Directions: Transcribe exactly the line containing "Jobs @ kochstrasse.agency" and every line after it, through the end of the records below.

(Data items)
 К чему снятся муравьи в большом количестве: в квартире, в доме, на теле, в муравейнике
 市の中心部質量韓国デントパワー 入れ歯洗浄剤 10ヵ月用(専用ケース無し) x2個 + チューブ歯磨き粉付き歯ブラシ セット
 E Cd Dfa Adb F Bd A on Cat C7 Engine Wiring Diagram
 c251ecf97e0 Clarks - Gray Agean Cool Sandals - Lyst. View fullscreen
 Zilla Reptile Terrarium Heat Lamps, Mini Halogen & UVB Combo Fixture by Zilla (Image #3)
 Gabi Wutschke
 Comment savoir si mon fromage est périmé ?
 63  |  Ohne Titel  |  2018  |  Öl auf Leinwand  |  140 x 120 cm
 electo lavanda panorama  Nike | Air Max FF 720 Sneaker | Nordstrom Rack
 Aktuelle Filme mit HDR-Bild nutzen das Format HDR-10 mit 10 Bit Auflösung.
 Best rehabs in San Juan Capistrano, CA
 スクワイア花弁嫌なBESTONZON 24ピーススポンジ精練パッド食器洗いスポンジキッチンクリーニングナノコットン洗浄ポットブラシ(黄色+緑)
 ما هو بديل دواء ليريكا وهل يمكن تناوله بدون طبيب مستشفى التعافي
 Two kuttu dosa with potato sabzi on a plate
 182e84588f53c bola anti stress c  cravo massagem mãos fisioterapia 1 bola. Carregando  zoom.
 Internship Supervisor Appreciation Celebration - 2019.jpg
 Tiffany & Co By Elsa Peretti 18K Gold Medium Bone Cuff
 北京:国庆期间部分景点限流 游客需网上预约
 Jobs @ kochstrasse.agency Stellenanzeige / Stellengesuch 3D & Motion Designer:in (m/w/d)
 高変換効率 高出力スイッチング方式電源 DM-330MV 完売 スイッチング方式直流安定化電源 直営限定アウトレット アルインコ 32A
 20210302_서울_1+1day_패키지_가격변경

Expected answer:
 Jobs @ kochstrasse.agency Stellenanzeige / Stellengesuch 3D & Motion Designer:in (m/w/d)
 高変換効率 高出力スイッチング方式電源 DM-330MV 完売 スイッチング方式直流安定化電源 直営限定アウトレット アルインコ 32A
 20210302_서울_1+1day_패키지_가격변경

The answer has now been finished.